![Samples from MSRVTT-QA dataset.](imgs/msrvtt_qa.png)(Samples from MSRVTT-QA dataset, image credit: http://staff.ustc.edu.cn/~hexn/papers/mm17-videoQA.pdf)

# MSRVTT Dataset (Video Question Answering)

## Description
[MSRVTT](https://www.microsoft.com/en-us/research/publication/msr-vtt-a-large-video-description-dataset-for-bridging-video-and-language/) dataset is a large-scale video benchmark for video understanding, especially the emerging task of translating video to text. This is achieved by collecting 257 popular queries from a commercial video search engine, with 118 videos for each query. In its current version, MSR-VTT provides 10K web video clips with 41.2 hours and 200K clip-sentence pairs in total. Each clip is annotated with about 20 natural sentences by 1,327 AMT workers.
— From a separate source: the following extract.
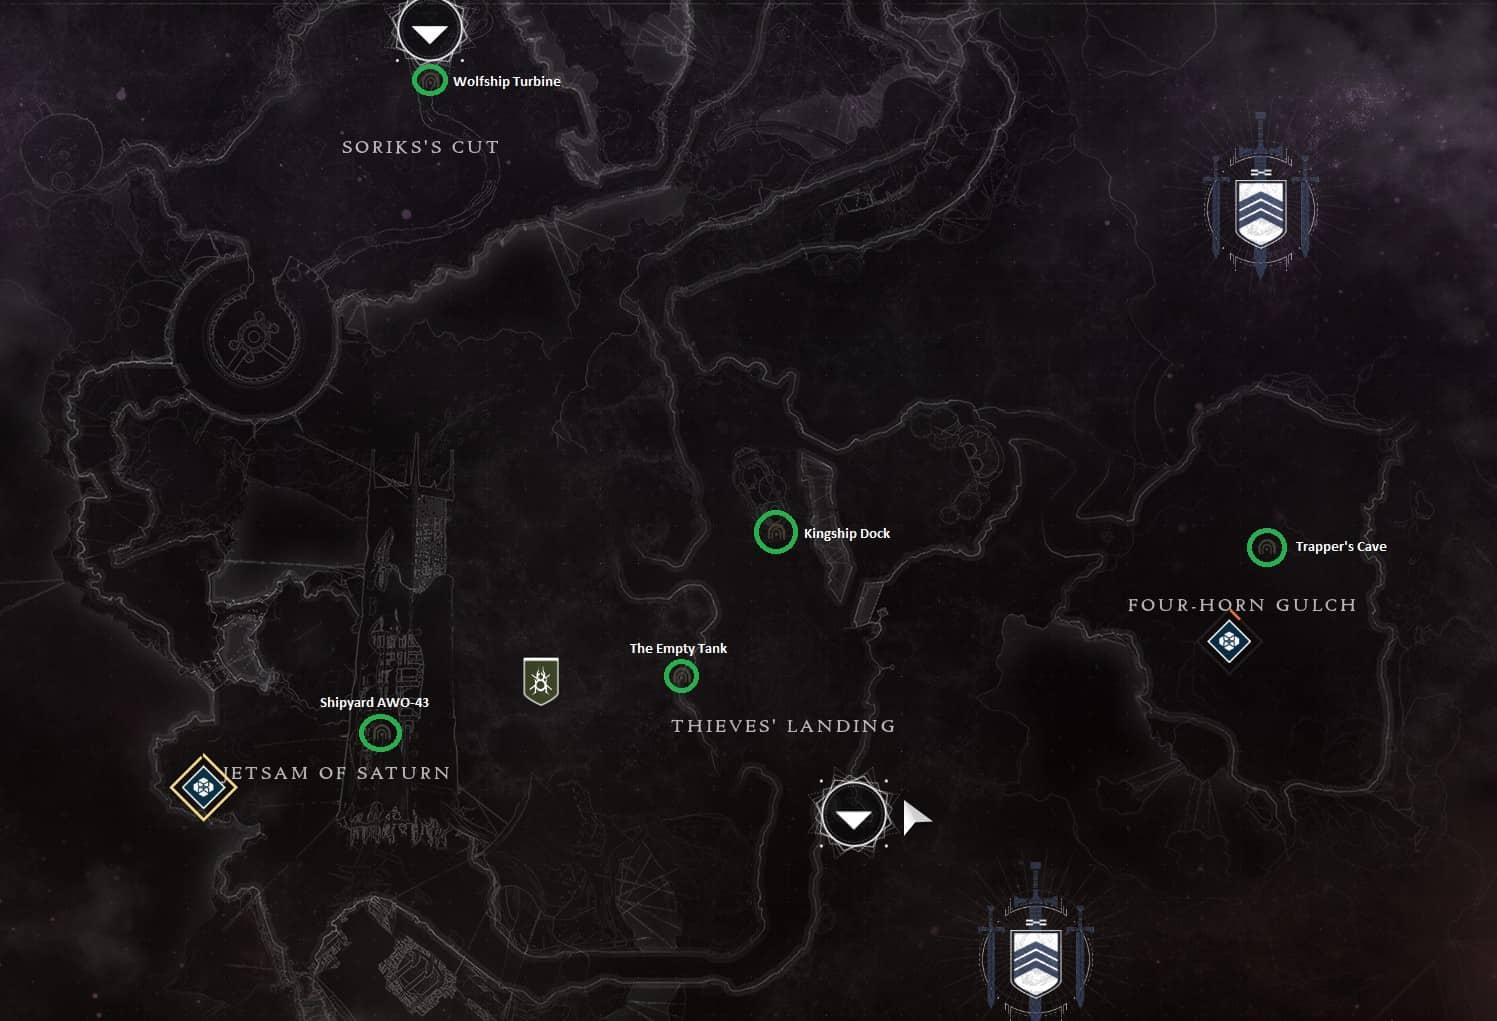 Lost Sector Maps For Destiny 2 And Destiny 2 Forsaken

[MSRVTT-QA](http://staff.ustc.edu.cn/~hexn/papers/mm17-videoQA.pdf) dataset is based on the MSR-VTT dataset, which is larger and has more complex scenes. The dataset
contains 10K video clips and 243k question answer pairs.

## Task
Video question answering (VideoQA) is the task where
a video and a natural language question are provided and the model
needs to give the right answer (from [paper](http://staff.ustc.edu.cn/~hexn/papers/mm17-videoQA.pdf)).


## Metrics
Accuracy.

## Leaderboard
(Ranked by accurarcy on test-dev.)
| Rank | Model  | Acc. | Resources |
| ---- | :----: | :-------: | :-------: |
| 1    |  ALPro  |  42.1 |  [paper](https://arxiv.org/abs/2112.09583), [code](https://github.com/salesforce/ALPRO), [blog](https://blog.salesforceairesearch.com/alpro/) |
| 2   |  VQA-T  |  41.5 | [paper](https://openaccess.thecvf.com/content/ICCV2021/papers/Yang_Just_Ask_Learning_To_Answer_Questions_From_Millions_of_Narrated_ICCV_2021_paper.pdf), [code](https://github.com/antoyang/just-ask), [demo](http://videoqa.paris.inria.fr/) |
| 3   |  CoMVT | 39.5 | [paper](https://openaccess.thecvf.com/content/CVPR2021/papers/Seo_Look_Before_You_Speak_Visually_Contextualized_Utterances_CVPR_2021_paper.pdf) |
| 4   |  SSML | 35.1 | [paper](https://arxiv.org/abs/2003.03186) |
| 5   |  ClipBERT | 37.4 | [paper](https://arxiv.org/abs/2102.06183) [code](https://github.com/jayleicn/ClipBERT)|
| 6   |  HCRN | 35.6 | [paper](https://arxiv.org/abs/2002.10698) [code](https://github.com/thaolmk54/hcrn-videoqa) |
| 7   |  HGA | 35.5 | [paper](https://ojs.aaai.org/index.php/AAAI/article/view/6767) [code](https://github.com/Jumpin2/HGA) |
| 8   |  DualVGR | 35.5 | [paper](https://arxiv.org/pdf/2107.04768v1.pdf) [code](https://github.com/NJUPT-MCC/DualVGR-VideoQA) |
| 9   |  HME | 33.0 | [paper](https://arxiv.org/pdf/1904.04357.pdf), [code](https://github.com/fanchenyou/HME-VideoQA) |
| 10   |  AMU | 32.5 | [paper](http://staff.ustc.edu.cn/~hexn/papers/mm17-videoQA.pdf), [code](https://github.com/xudejing/video-question-answering) |


## Auto-Downloading
```
cd lavis/datasets/download_scripts && python download_msrvtt.py
```

## References
Xu, Jun, Tao Mei, Ting Yao, and Yong Rui. "Msr-vtt: A large video description dataset for bridging video and language." In Proceedings of the IEEE conference on computer vision and pattern recognition, pp. 5288-5296. 2016.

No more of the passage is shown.